- **Given information**:
──────────────────────────────

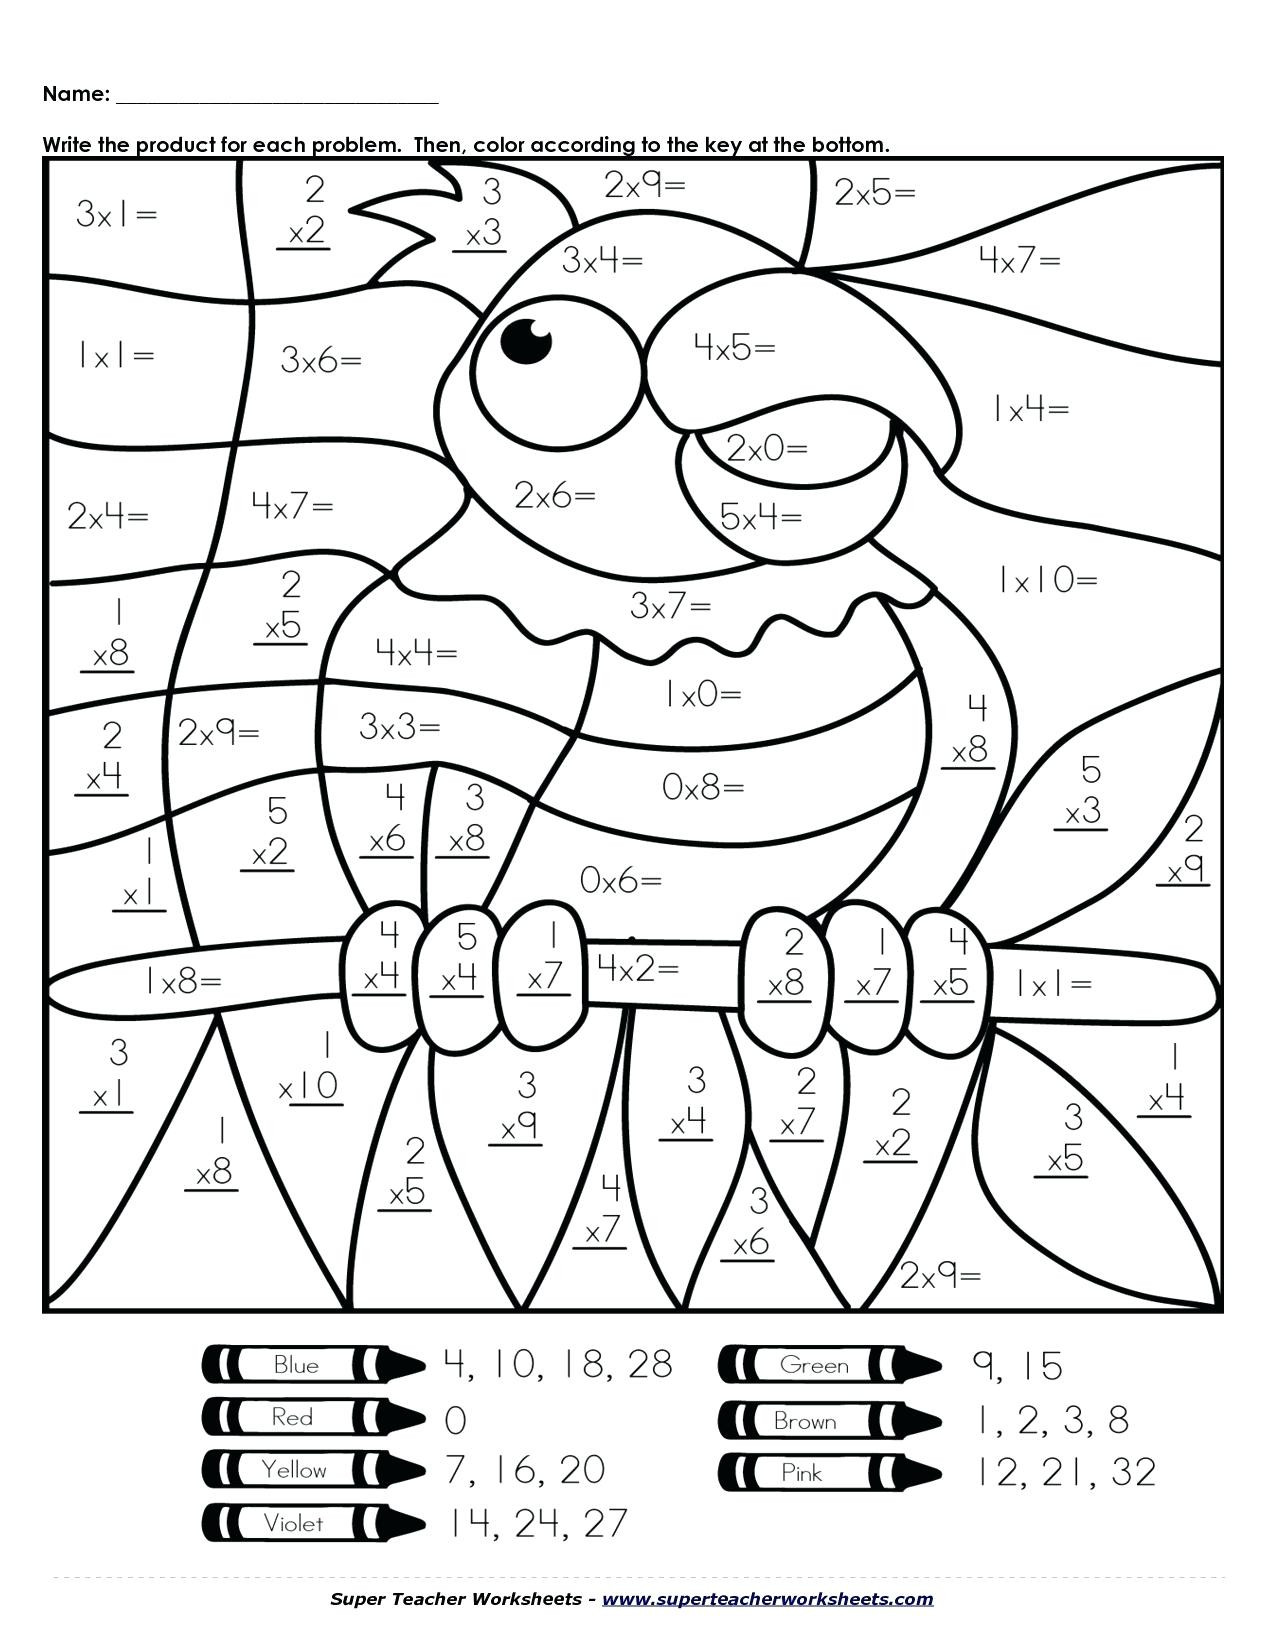 Coloring Math Worksheets 2nd Grade Math Sheets for 2nd Grade – Lifestyletravelsub
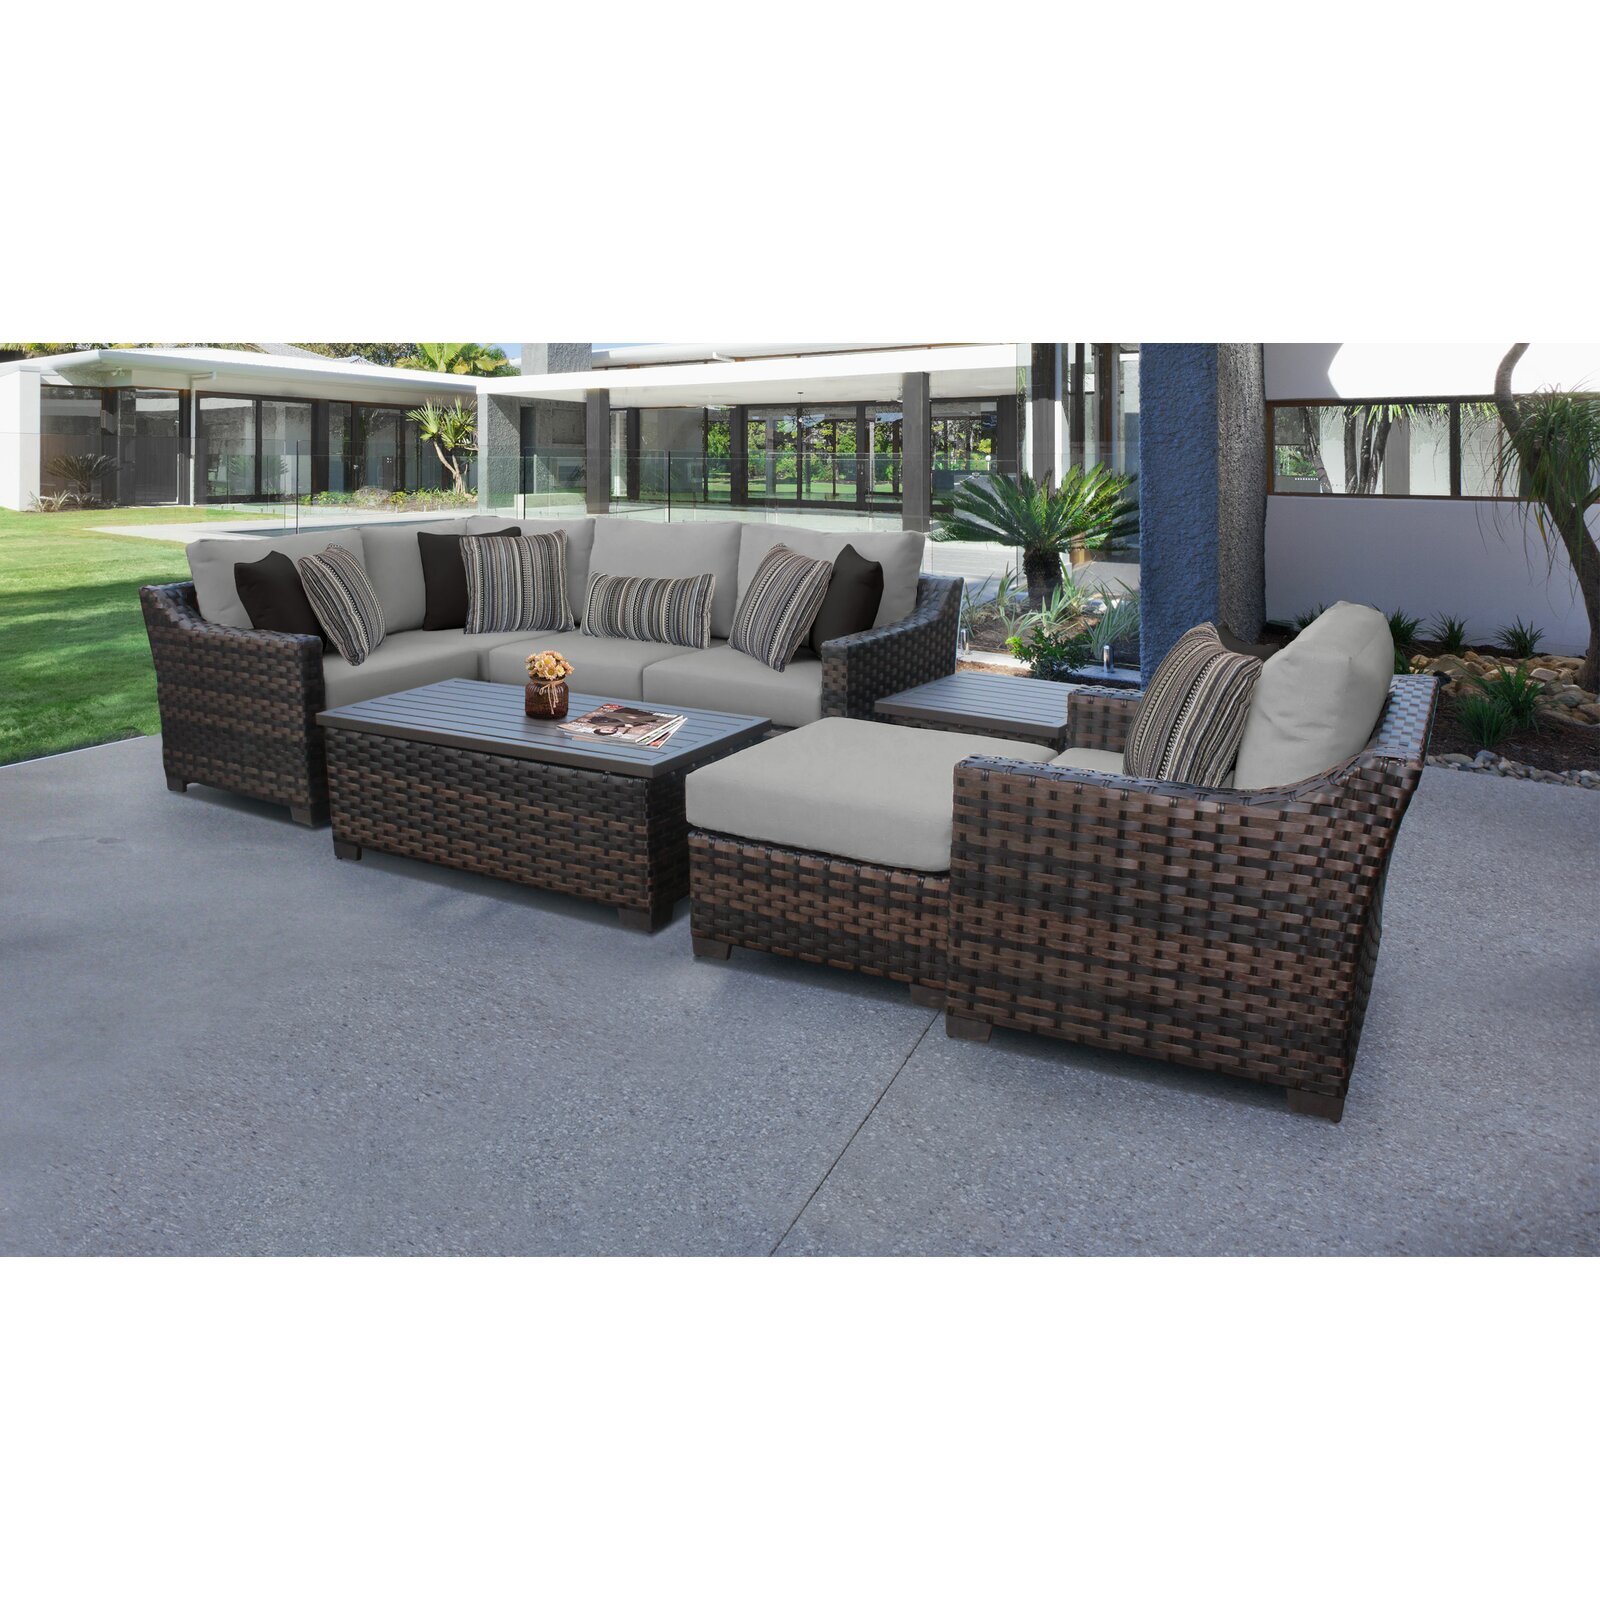 kathy ireland Homes & Gardens by TK Classics Wicker/Rattan 6 - Person Seating Group with Cushions & Reviews
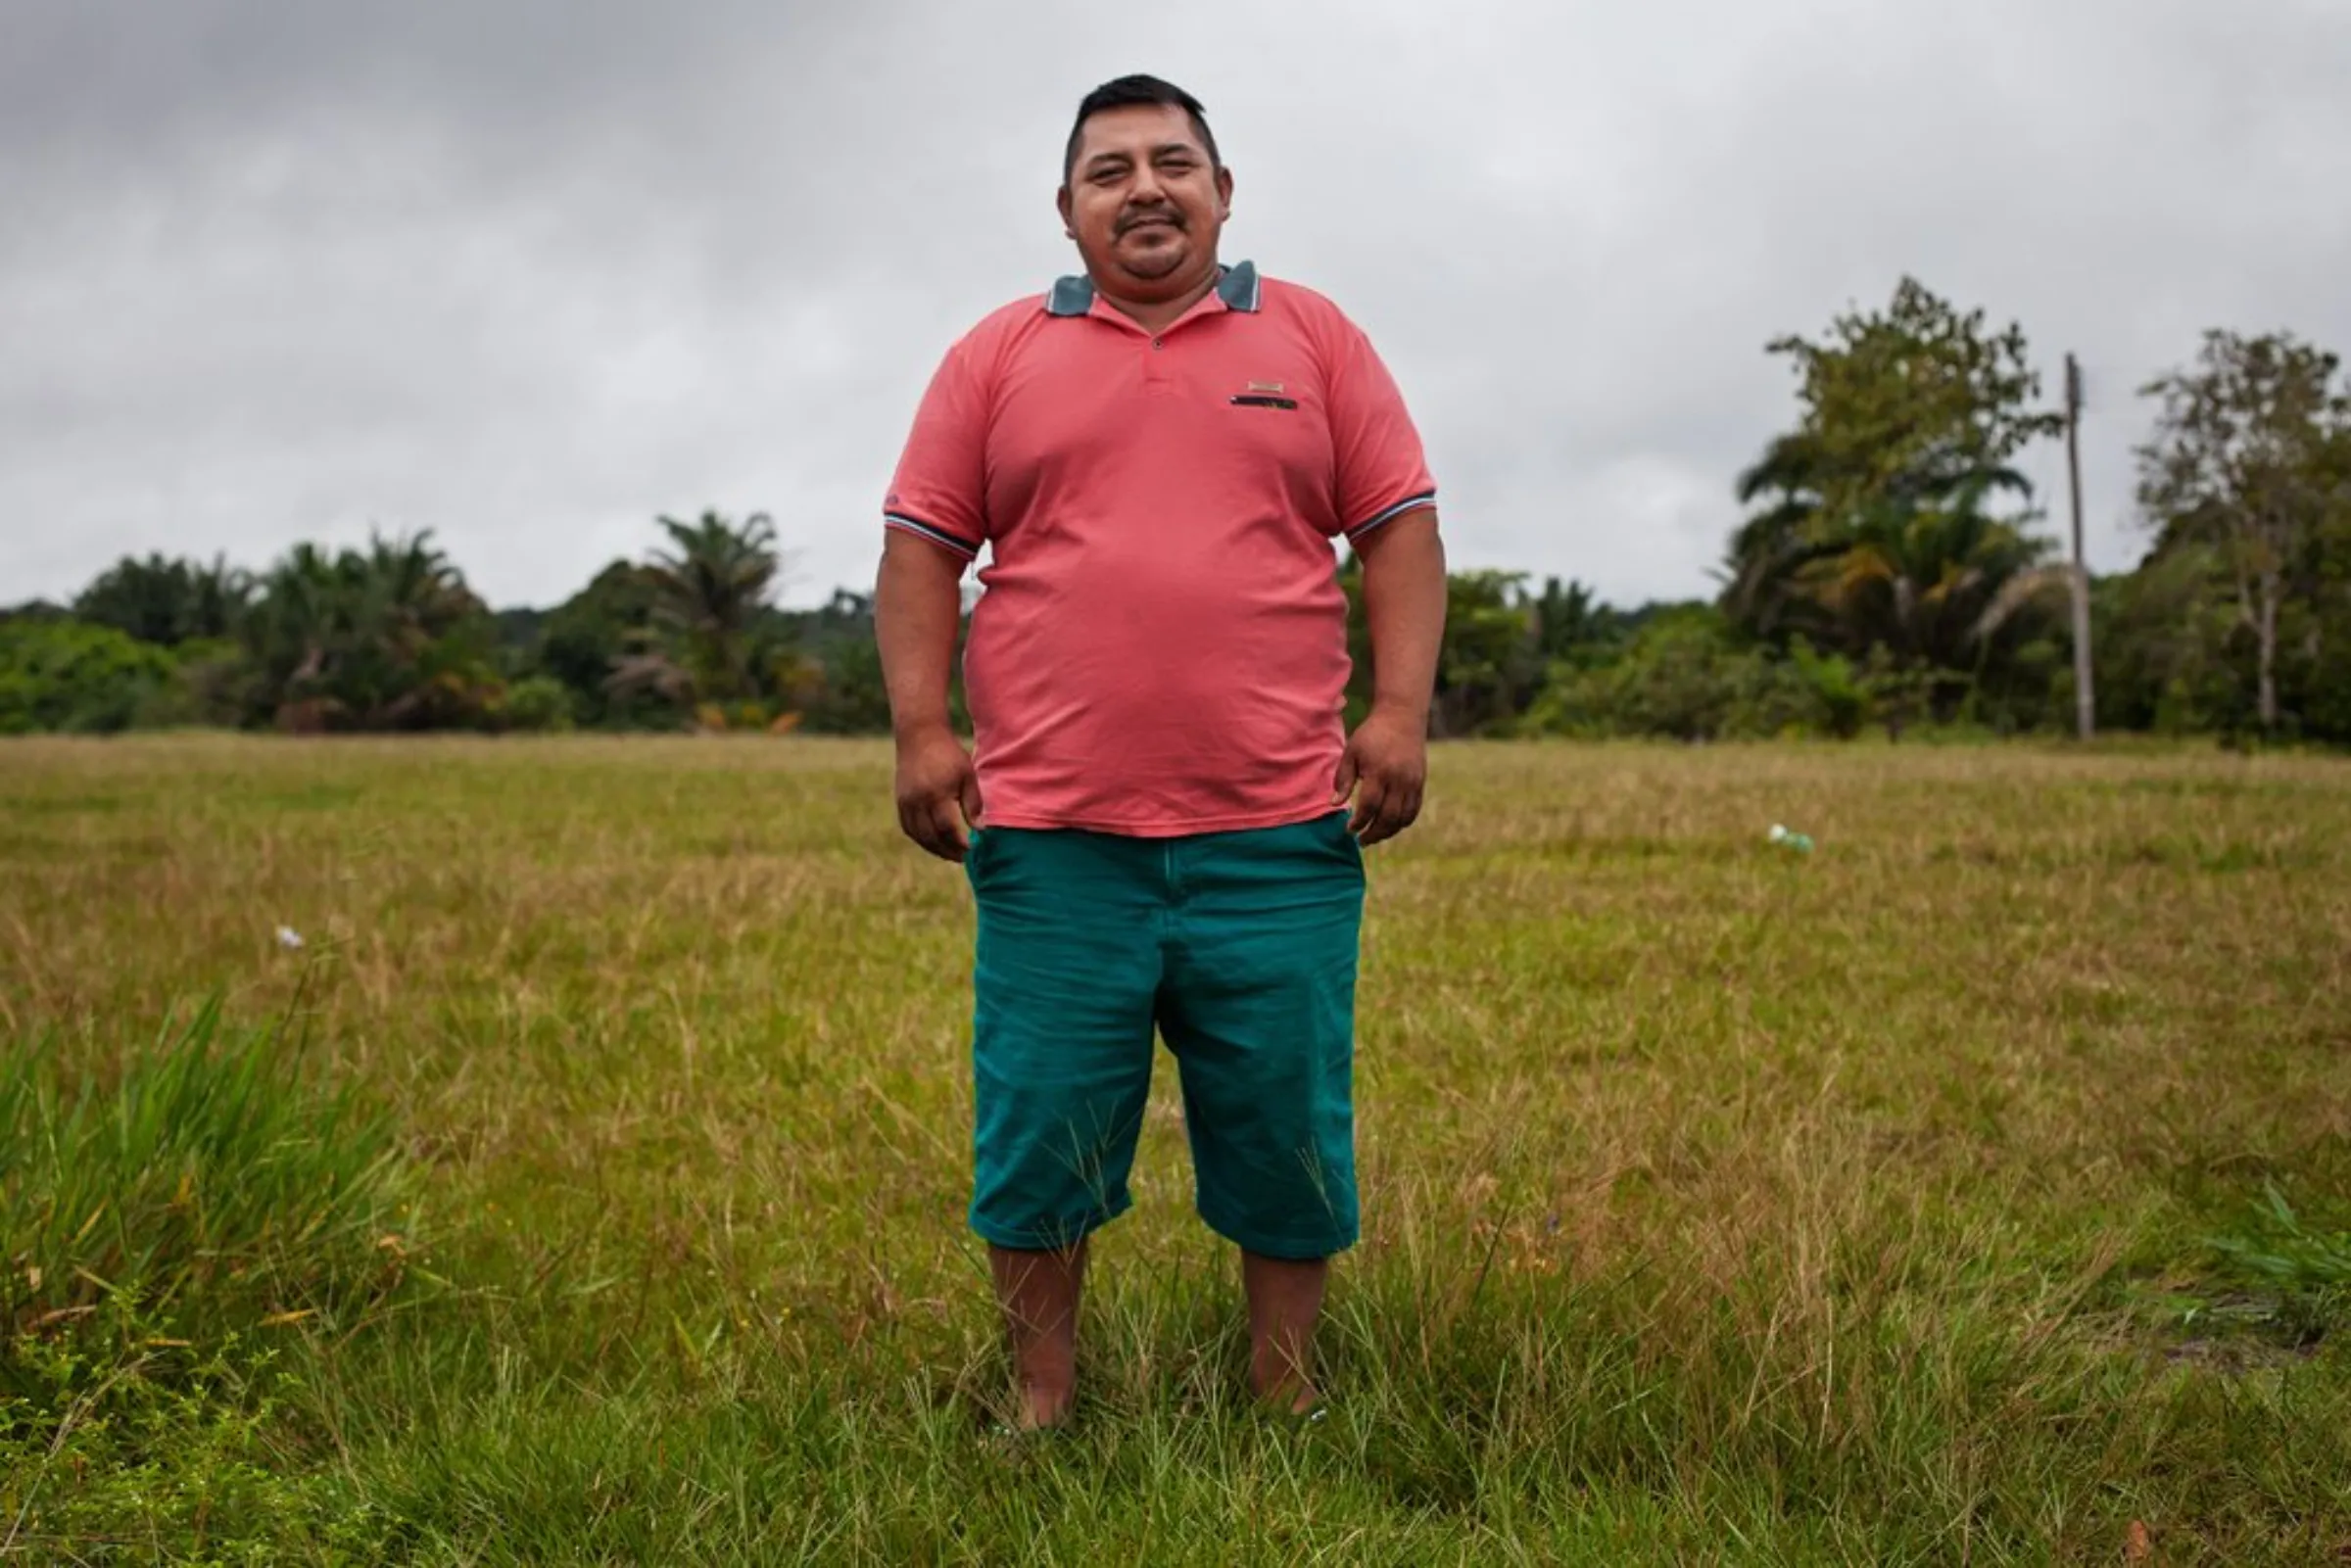 Indigenous leader Antonio Matapi, of the Matapi ethnic group, is part of a 10-member indigenous committee putting together the paperwork needed for them to become an ‘indigenous territorial entity,’ in Colombia’s southeast Amazonas province, December 16, 2021

──────────────────────────────

- **Requirement**: Write out each line of the data above exactly, starting at the top and finishing with the line containing "kathy ireland Homes"; omit the pictures.

- **Your response**:
 Coloring Math Worksheets 2nd Grade Math Sheets for 2nd Grade – Lifestyletravelsub
 kathy ireland Homes & Gardens by TK Classics Wicker/Rattan 6 - Person Seating Group with Cushions & Reviews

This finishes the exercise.